# My Salvage 2004 Prius



## TexasCotton (Sep 18, 2008)

If any NTEAA members have experience in rebuilding/troubleshooting/diagonositc on a 2004 Prius ICE/ICU/main and aux battery please post thanks. I want to get my salvage 04 Prius running. thanks


----------



## Zemmo (Sep 13, 2007)

Why does the inverter have to be rebuilt. What went wrong with it? I know know of anyone who has attempted to rebuild an inverter on a Prius. I think you would have a hard time finding someone who has.


----------



## TexasCotton (Sep 18, 2008)

Zemmo said:


> Why does the inverter have to be rebuilt. What went wrong with it? I know know of anyone who has attempted to rebuild an inverter on a Prius. I think you would have a hard time finding someone who has.
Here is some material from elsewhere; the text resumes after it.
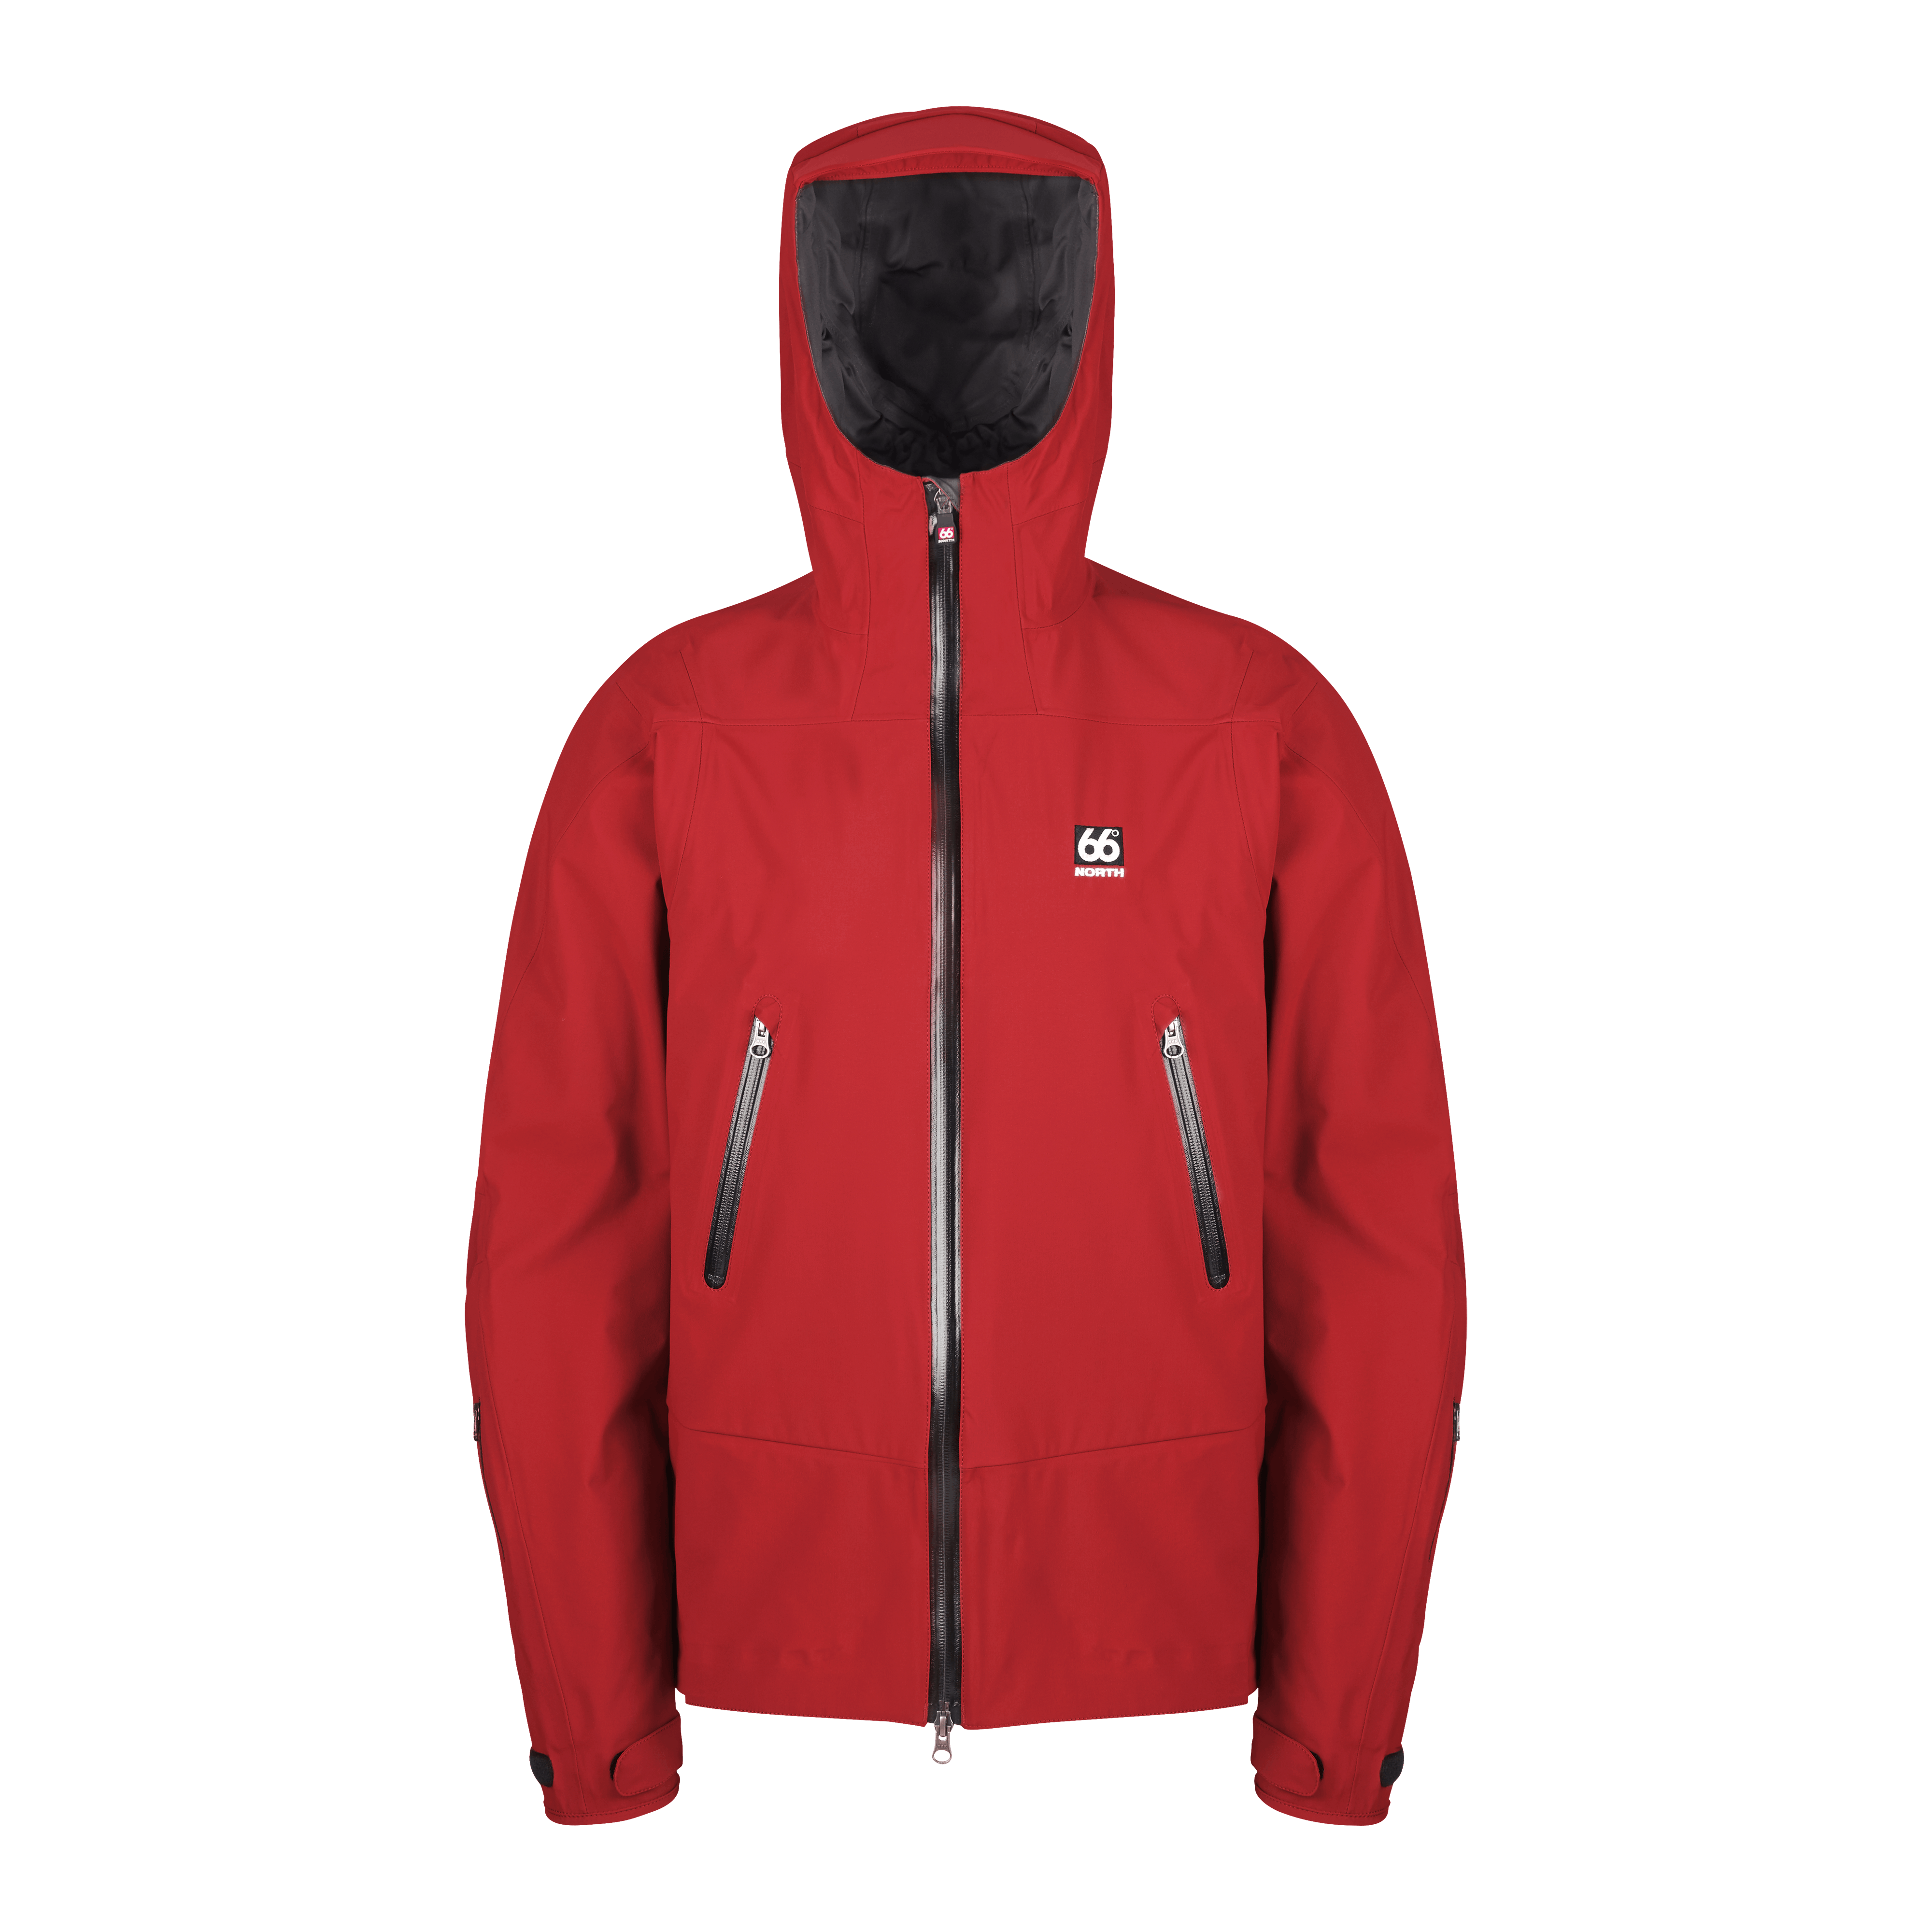 66 degrees north snaefell parka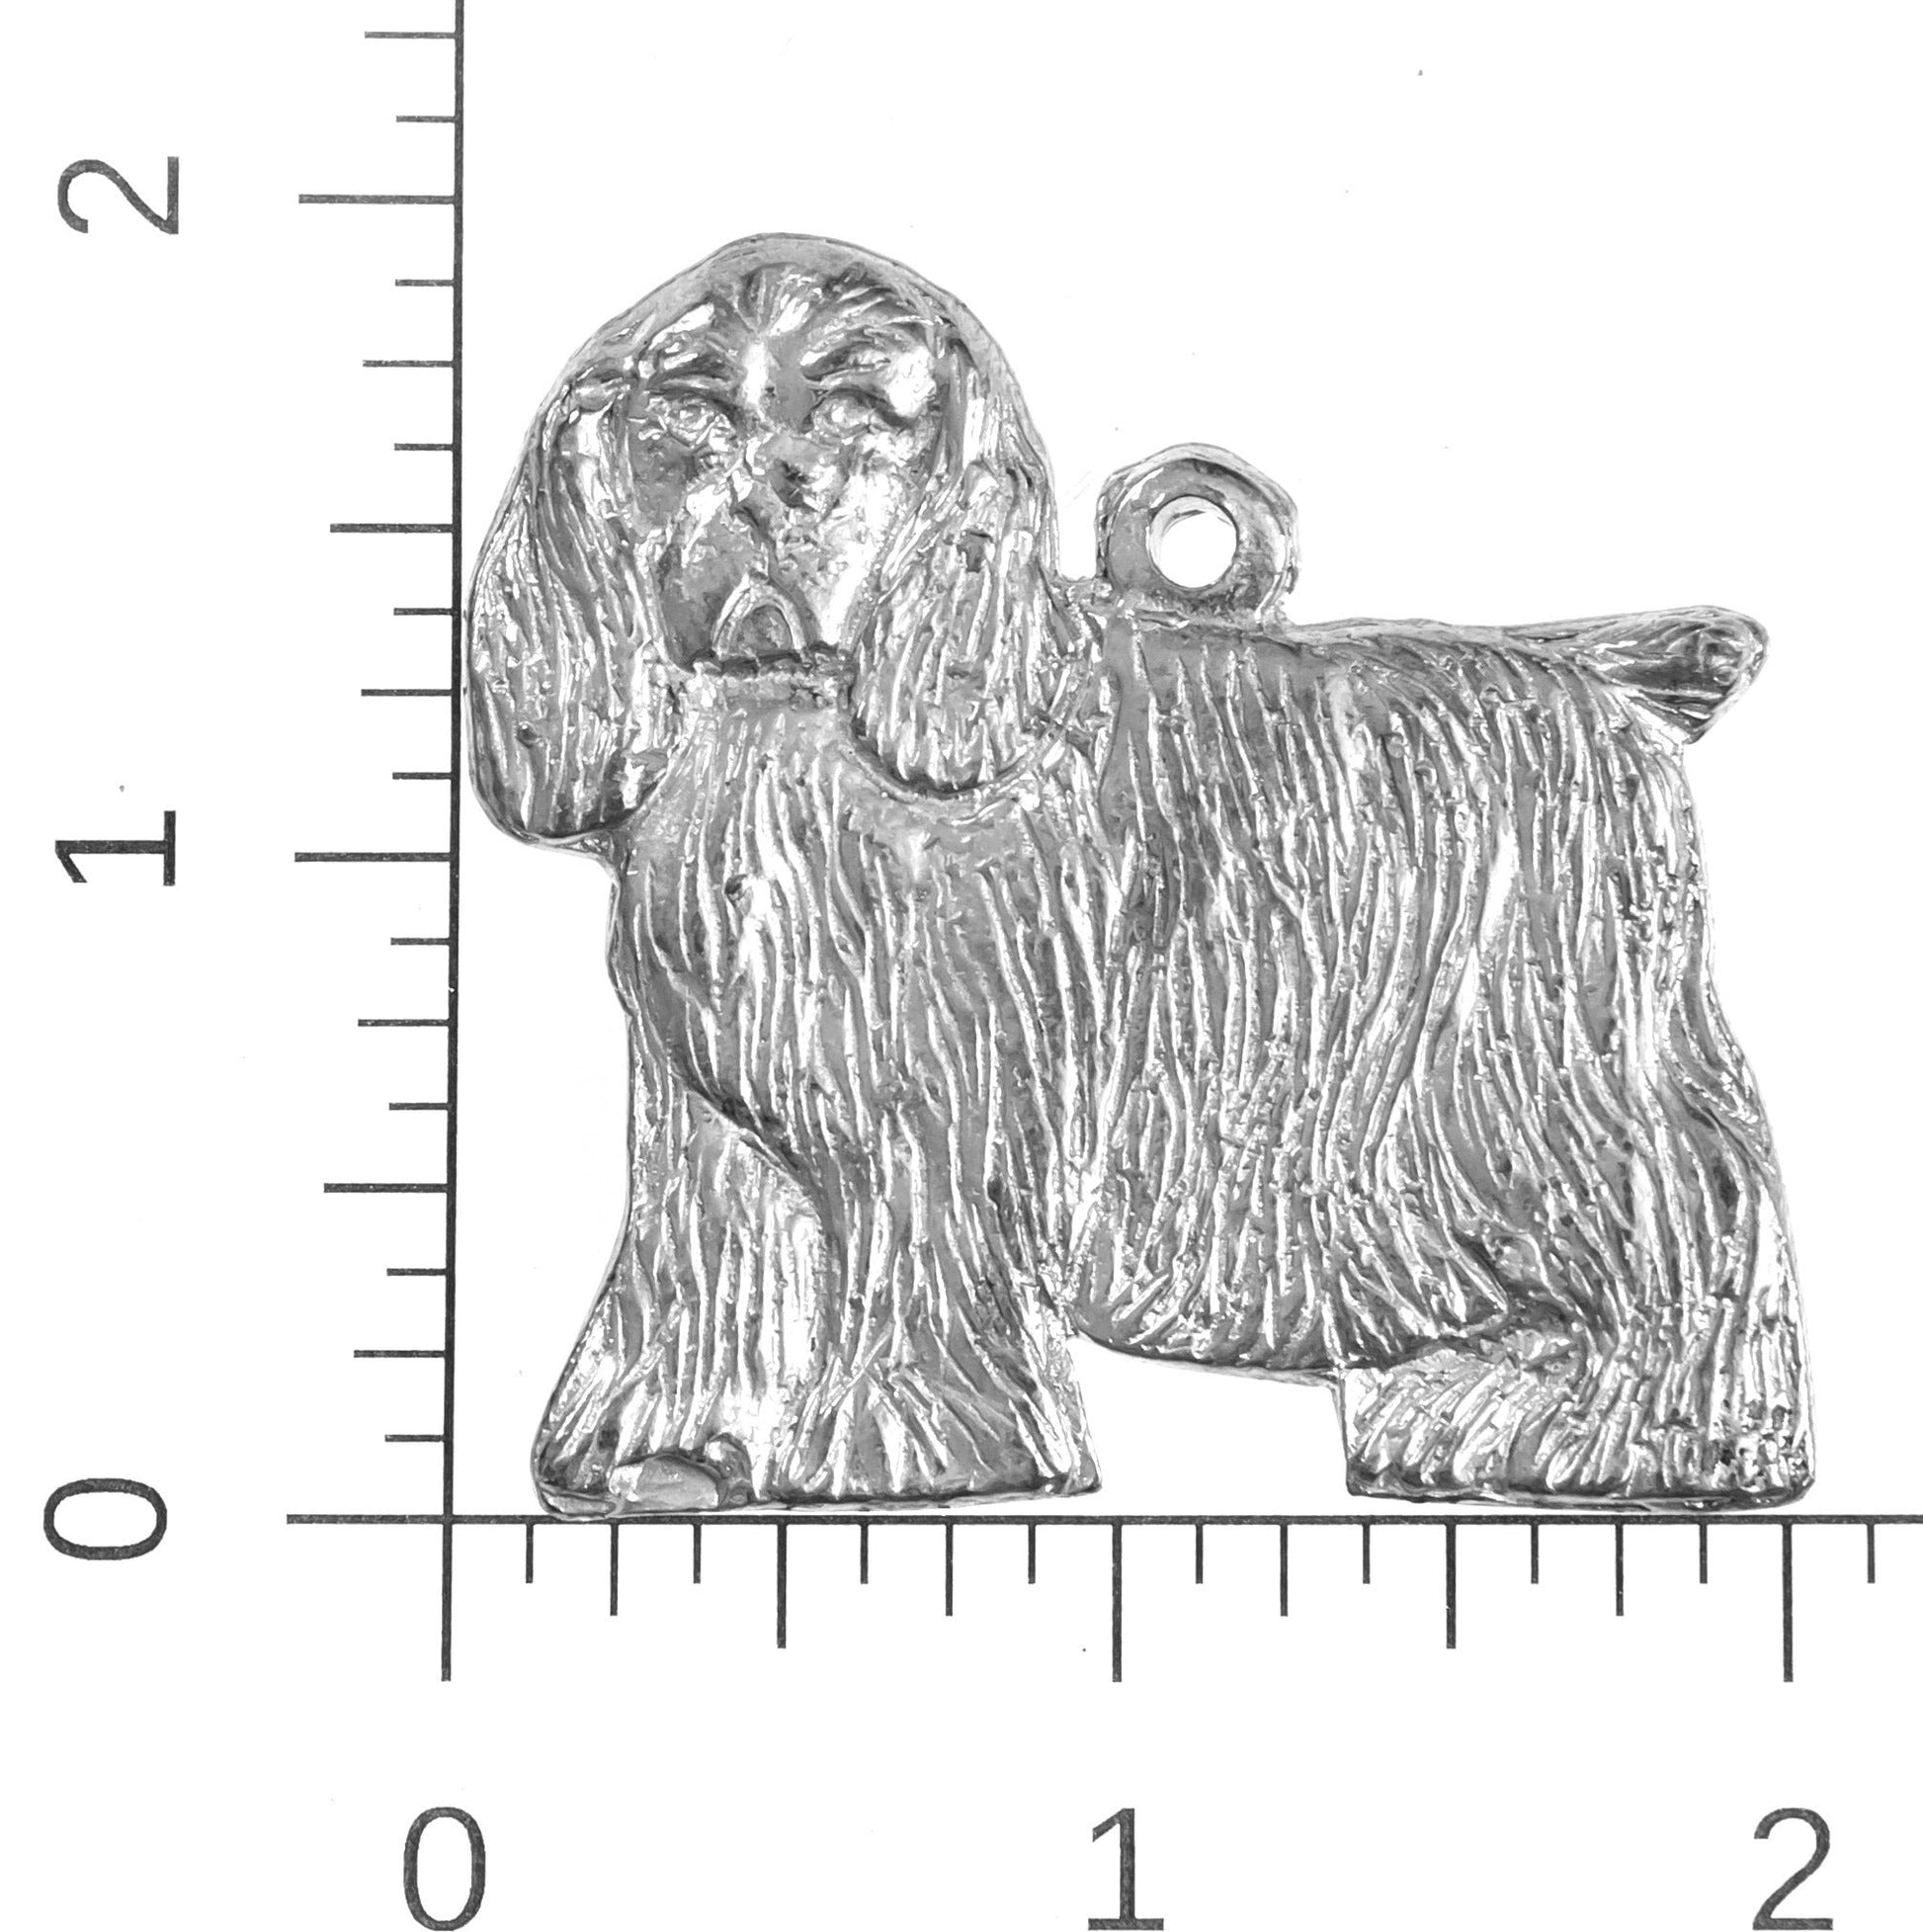 Silver Pewter Metal Cocker Spaniel Ornament Top Gift Ideas - House of Morgan Pewter

I am unsure why? However, some of the reasons vehicles are sent to salvage yard is because of the unrepairability/front end damage/roll over/insurance disposal/ cash 4 clunks/ etc issues. 
This vehicle was listed by an insurance company as injectors bad and inverter bad. I have seen two places Indiana and SC which rebuild battery and inverter. Otherwise a used/salvage yard inverter runs from $300 ebay to $800 or dealer which cost $5000 Tech wise the ICU includes IGBT/rectifier/power supply/boost converter/switch regulator or go look at this link www.automotivedesignline.com/showArticle.jhtml;?articleID=199501719


----------



## TexasCotton (Sep 18, 2008)

*UPDATE*

I have my Prius driveable .However I get several dashboard warning signals /MFD symbols. The local toyota svc dept turn me down on any repair work. The vehicle is "junk" according to them and has the these codes P1150 (coolant flow block) and P0A080 (HV block).


----------